Oh but wait, now the AP is giving us this subhead: "Wall Street Gives Up Gains As Jitters Return, Despite Cisco Earnings, Fed Statement." Easy come, easy go.
tsat 12/5/2012 | 3:04:15 PM
re: Cisco Gets Bold With Guidance
I think this is good news for the whole industry.

-tsat
Raymond McConville 12/5/2012 | 3:04:15 PM
re: Cisco Gets Bold With Guidance But it finished the day up over a 150 points. It's been one of those crazy volatile weeks where you'll see days that the market closes up like 2 points but at 4 times normal trading volume. I don't think investors have any idea what to do right now or what to make of the uncertainty in the stock market.
Mark Seery 12/5/2012 | 3:04:14 PM
re: Cisco Gets Bold With Guidance While it is true that geopolitical fears is putting an oscillating risk premium into oil, the current market volatility is beling blamed on the uncertaintly about the credit situation.

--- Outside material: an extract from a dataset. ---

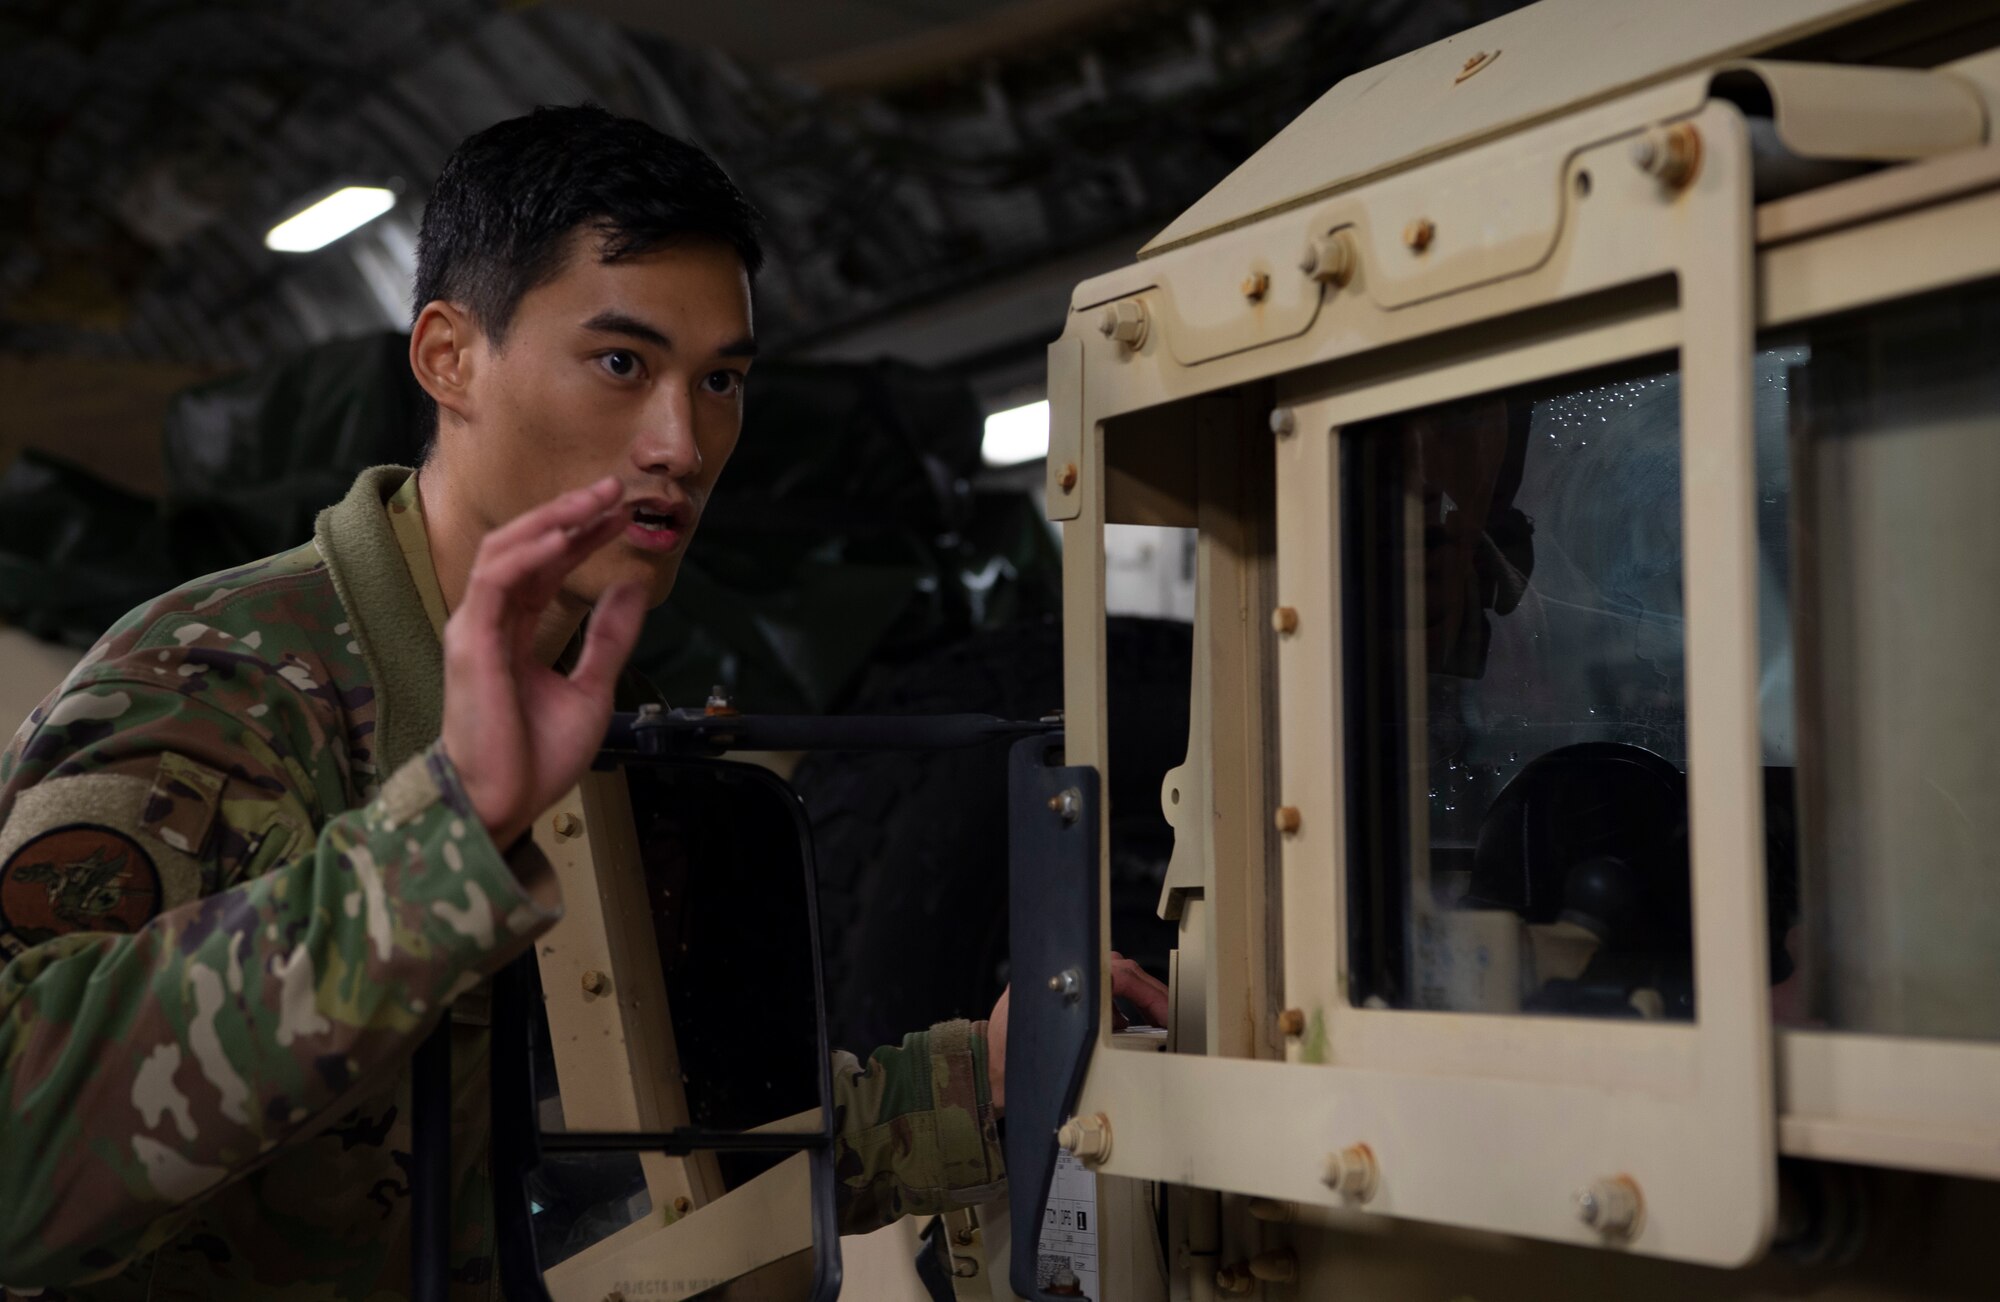 U.S. Air Force Senior Airman Keoni Gibson, 8th Airlift Squadron loadmaster, marshals a U.S. Army HUMVEE onto a C-17 Globemaster III during Exercise Rainier War 21B at Joint Base Lewis-McChord, Washington, Nov. 6, 2021. Rainier War 21B exercises and evaluates the wing’s ability to employ the force and their ability to perform during wartime and/or contingency taskings in a high-intensity, wartime contested, degraded and operationally limited environment while supporting the contingency operations against a near-peer adversary in the U.S. Indo-Pacific Command area of responsibility. (U.S. Air Force photo by Staff Sgt. Tryphena Mayhugh)

That and the perception of excess valuation growth in commodities over the last few years is resulting in people looking at tech as a potential area of (stock)market leadership. The reception by the markets of Cisco's results has added energy to that thesis. Cisco being seen as a quality stock in an uncertain market is also part of the dynamic.
gotman 12/5/2012 | 3:04:14 PM
re: Cisco Gets Bold With Guidance Vote Bush out, get stability in this world and we will all be much richer. It's what John predicated on CNBC!

The world seems volatile, its not just the market.
btierney 12/5/2012 | 3:04:12 PM
re: Cisco Gets Bold With Guidance my take is that countries are realizing the importance of having a stable and future proof network including broadband access to stimulate economic growth, appease their populations and prosper in the world economy. This would appear to play well into Cisco since who else can you trust to build a nation wide IP network?

re: global economic stability... the US military is in over 100 countries to varying extents. You get a democrat in the whitehouse who will defund the DOD as carter and clinton did. What will happen to global stability if we have to bail from these fragile capitalistic democracies.


Cape
gotman 12/5/2012 | 3:04:12 PM
re: Cisco Gets Bold With Guidance > What will happen to global stability if we
> have to bail from these fragile capitalistic
> democracies.

Come on. Don't give me that. Your not there to create stability but to cause instability to justify you existence and protect your endless need for OIL. For one second don't think the US is creating or bringing stability to this world, its exactly the opposite, and its doing this by alienating itself as it interferes with other countries businesses and political tides.

So by being in 100 countries your not helping your economy, your keeping it hinged on geopolitics and your leaders are not given the chance to work on the economy as they have too many other distractions that demand explanations, justification and waste of tax payer $.

I might get a bite from a few readers now, maybe the wrong ones.